Once the pictures are set aside, transcribe each line of the data exactly.

Dataset excerpt:
▽
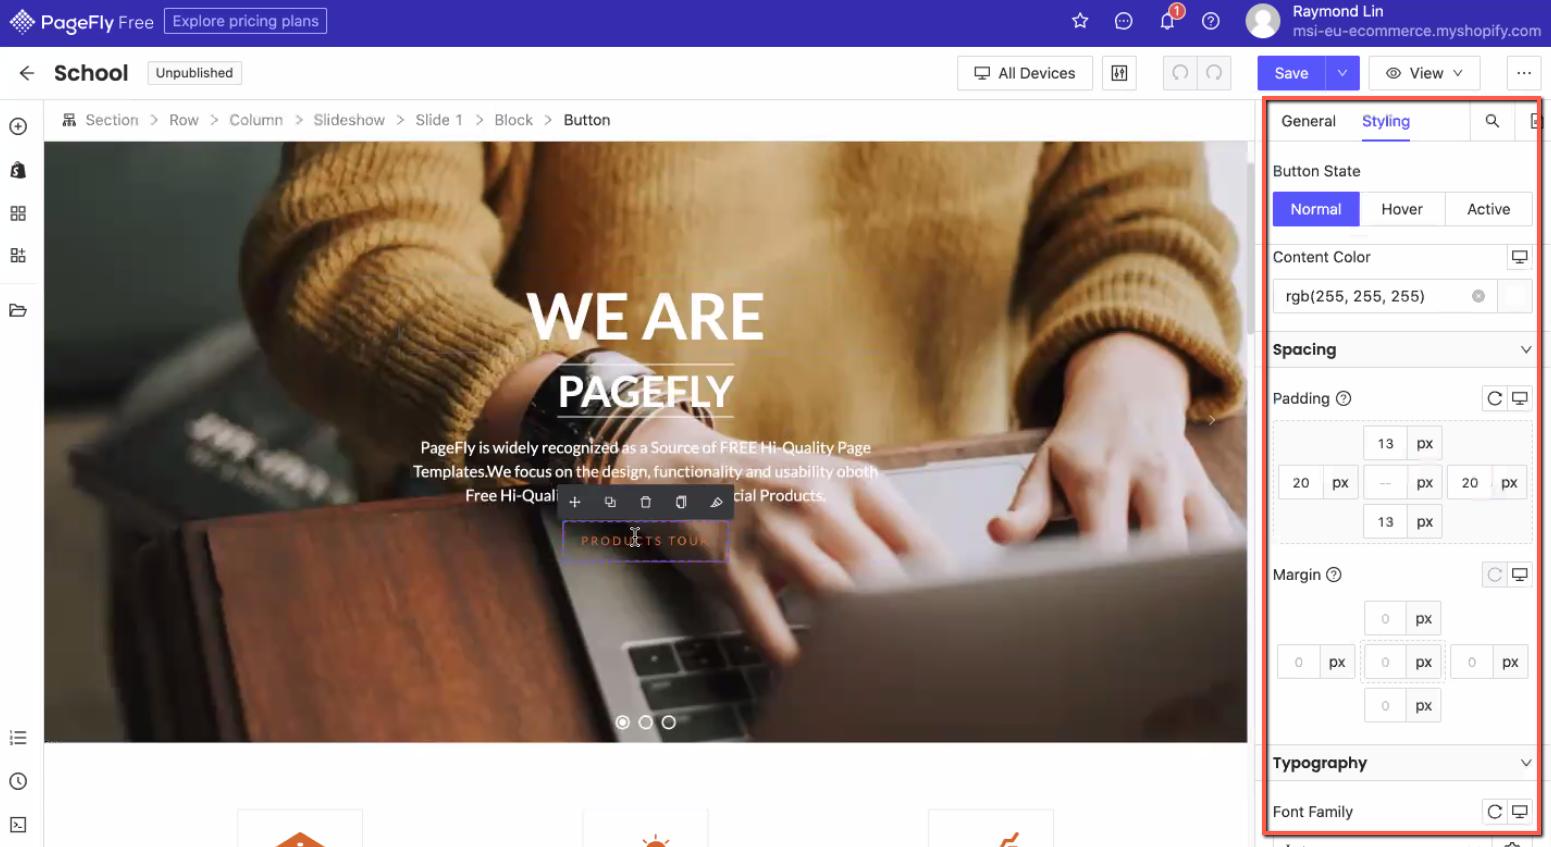 PageFly Element Customization and Styling Flexibility
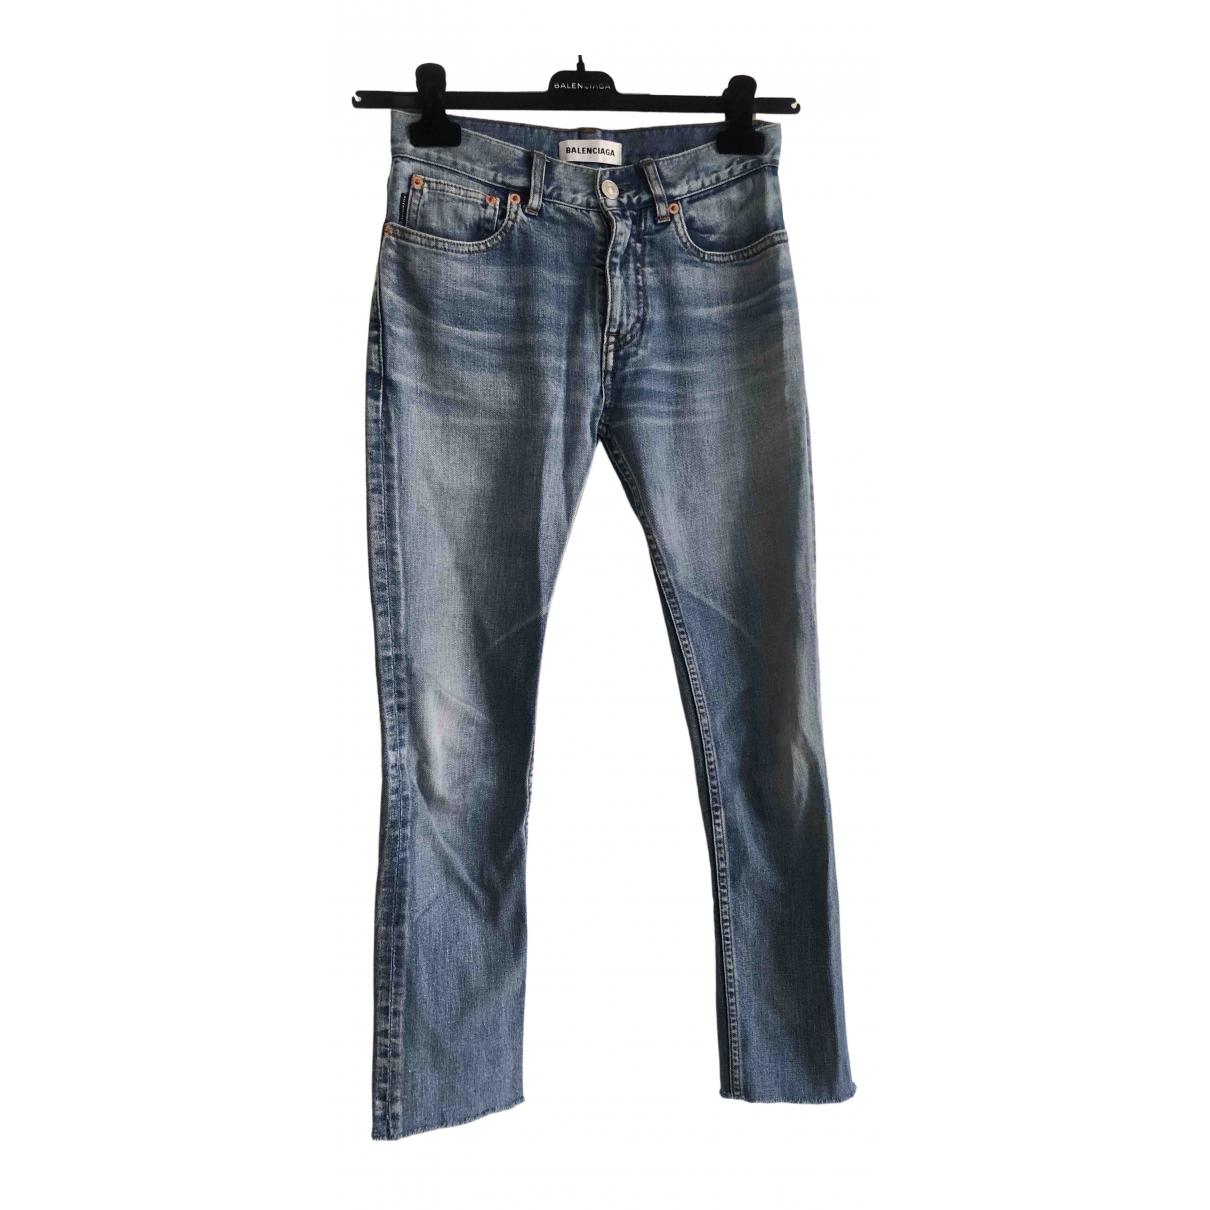 Balenciaga - Pantalon   pour femme en denim - bleu
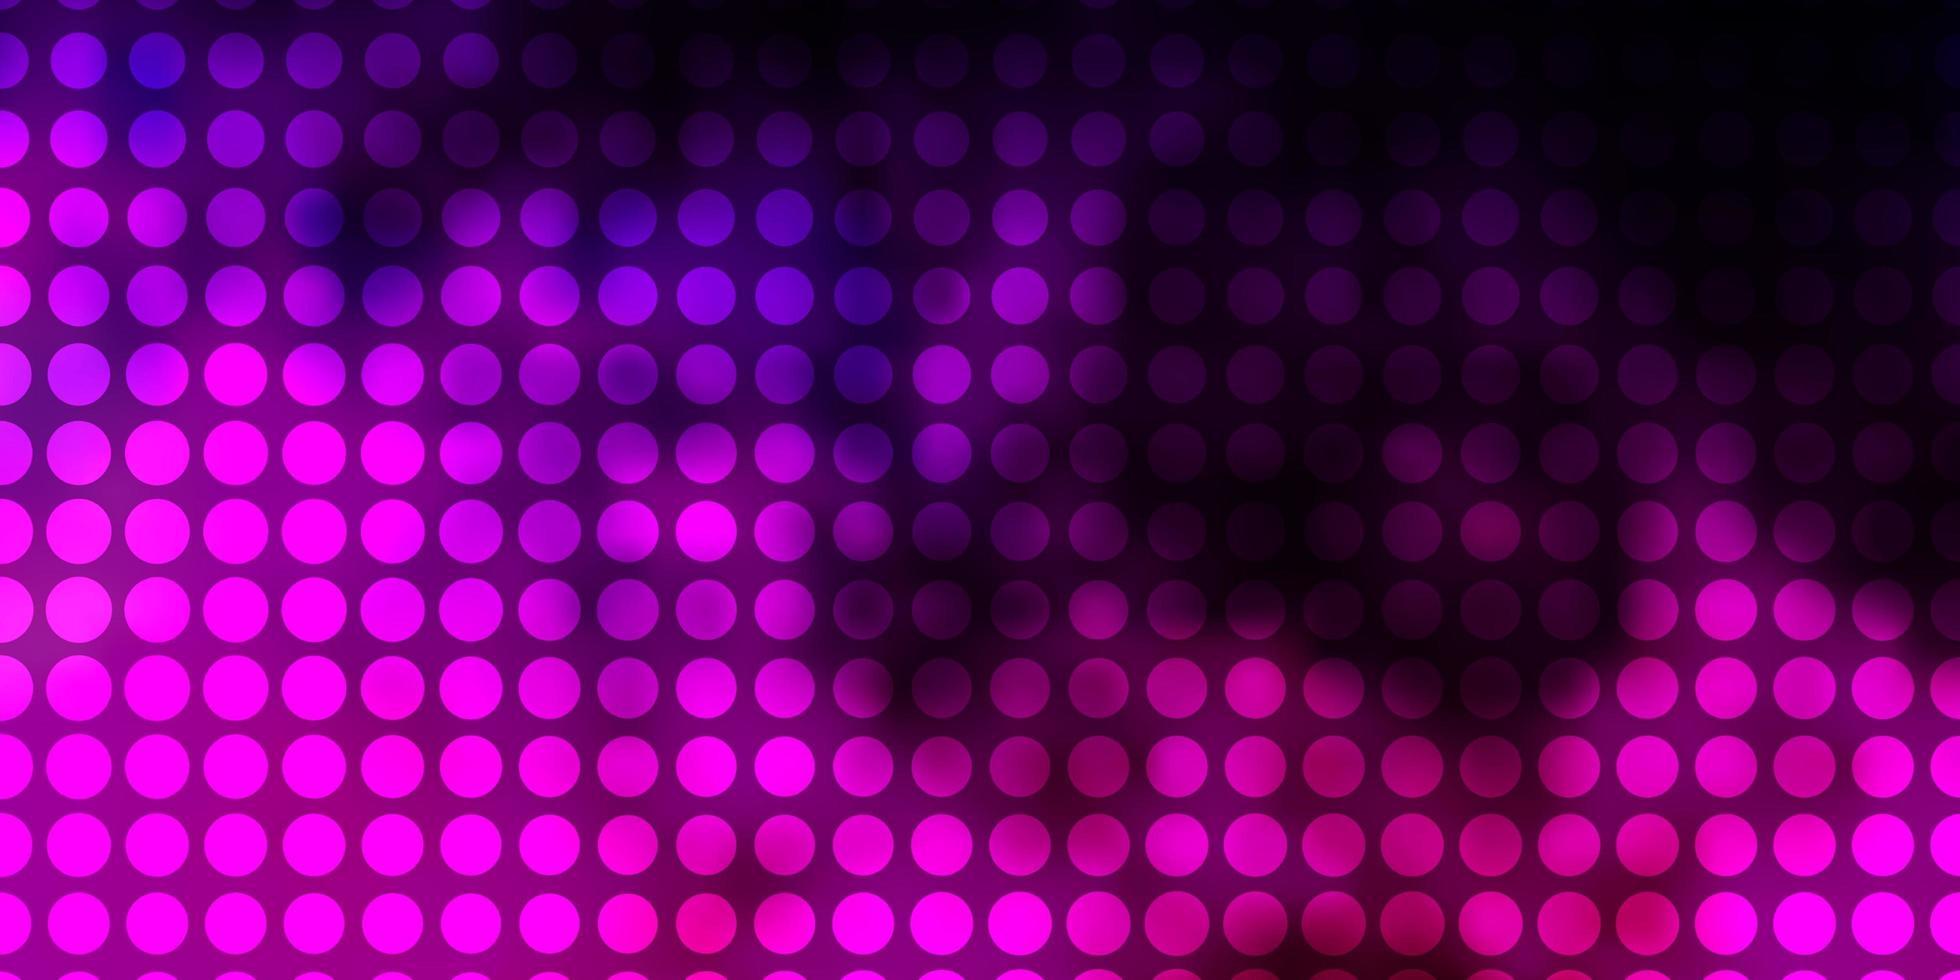 dunkelviolette, rosa Vektorschablone mit Kreisen. vektor
△
Answer to this problem:
 PageFly Element Customization and Styling Flexibility
 Balenciaga - Pantalon   pour femme en denim - bleu
 dunkelviolette, rosa Vektorschablone mit Kreisen. vektor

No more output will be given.